Search code examples
bashaudioffmpegsignal-processingsox

Sync two audio files


I have 2 audio files:

  • correct.wav (duration 3:07)
  • incorrect.wav (duration 3:10)

2 audio files

They are almost the same, but was generated with different sound fonts.

The problem: The second file is late for a few seconds.

How can I sync second file with the first one?

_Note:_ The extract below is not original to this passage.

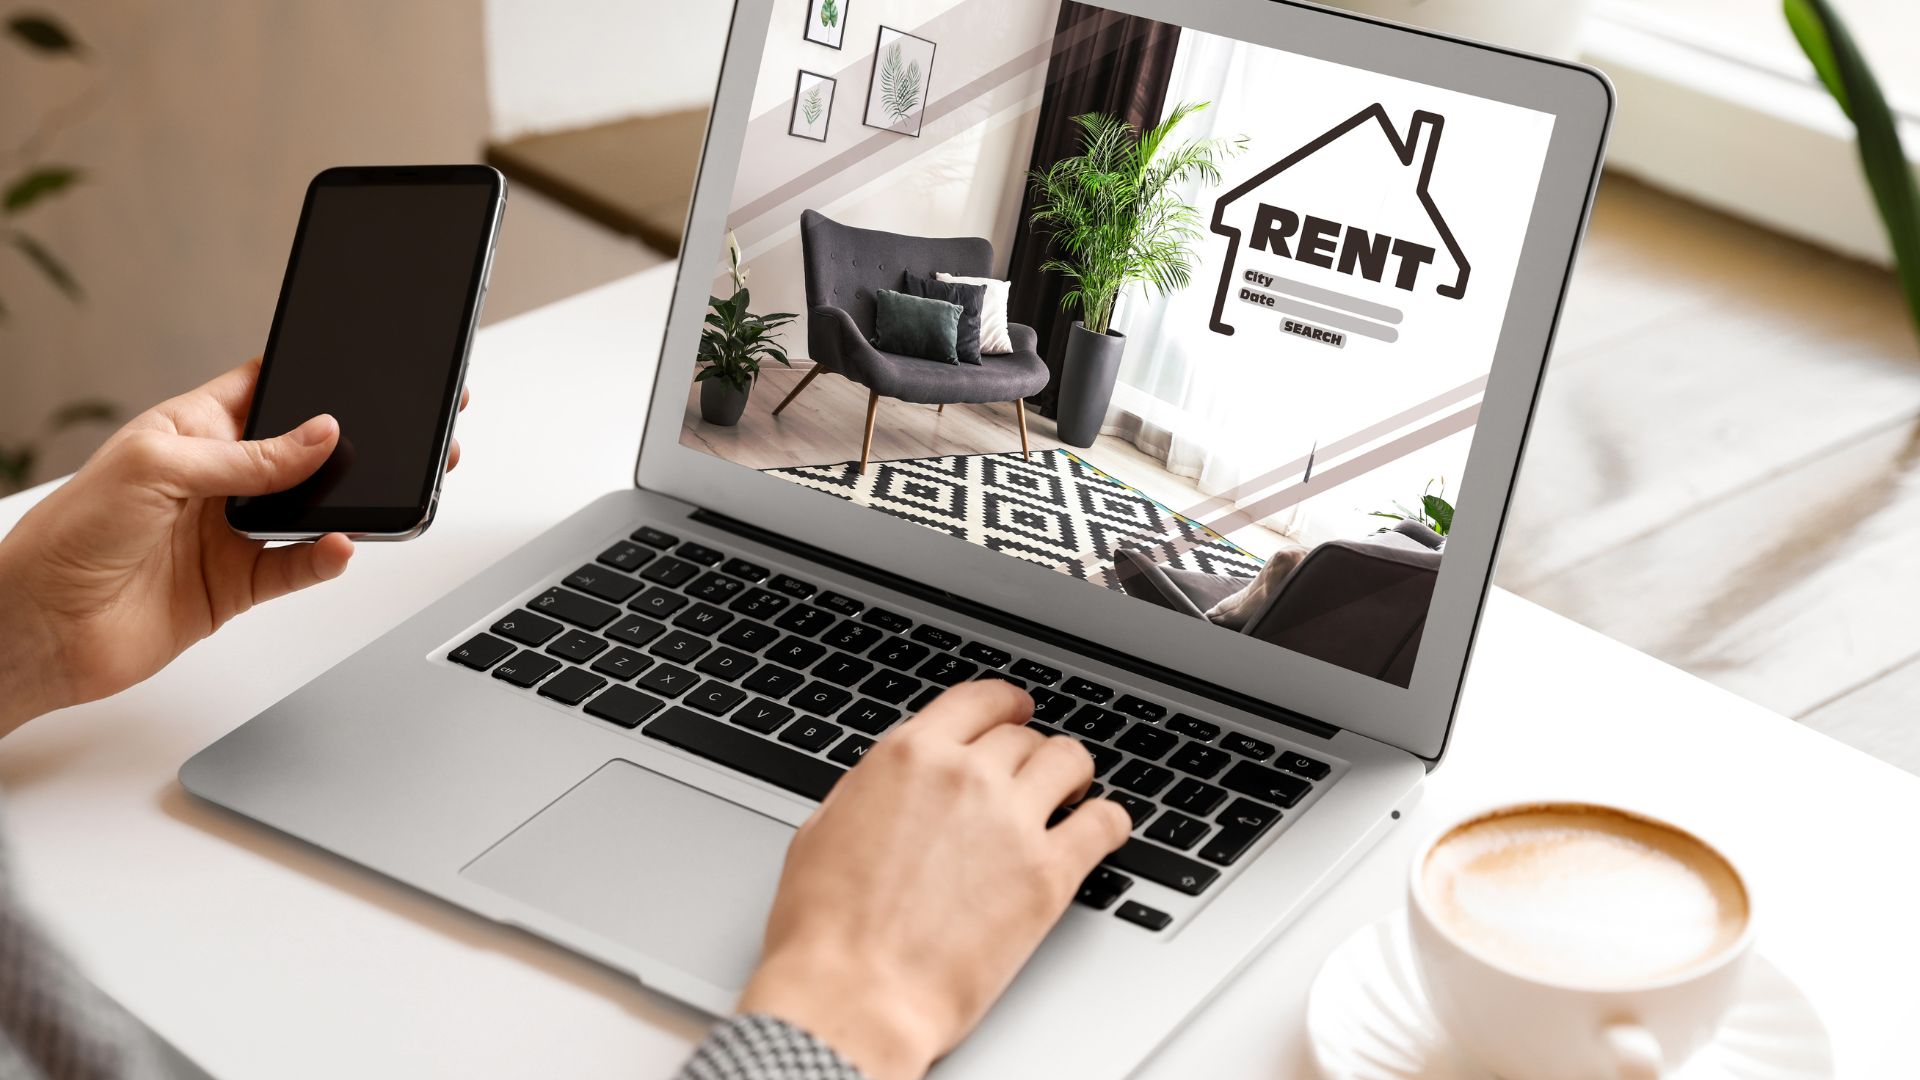 Best website for finding rental property

Maybe there some bash software that could detect first loud sounds appearance in the first sound and compare correct.wav with incorrect.wav, shorten the end of the incorrect.wav file.

I know I can do it manually, but I need automated soulution for a lot of files.

Here is approximate solutions I found:

1) for detecting sound syncing to use this Python script - https://github.com/jeorgen/align-videos-by-sound but it's not perfect, not detecting 100%.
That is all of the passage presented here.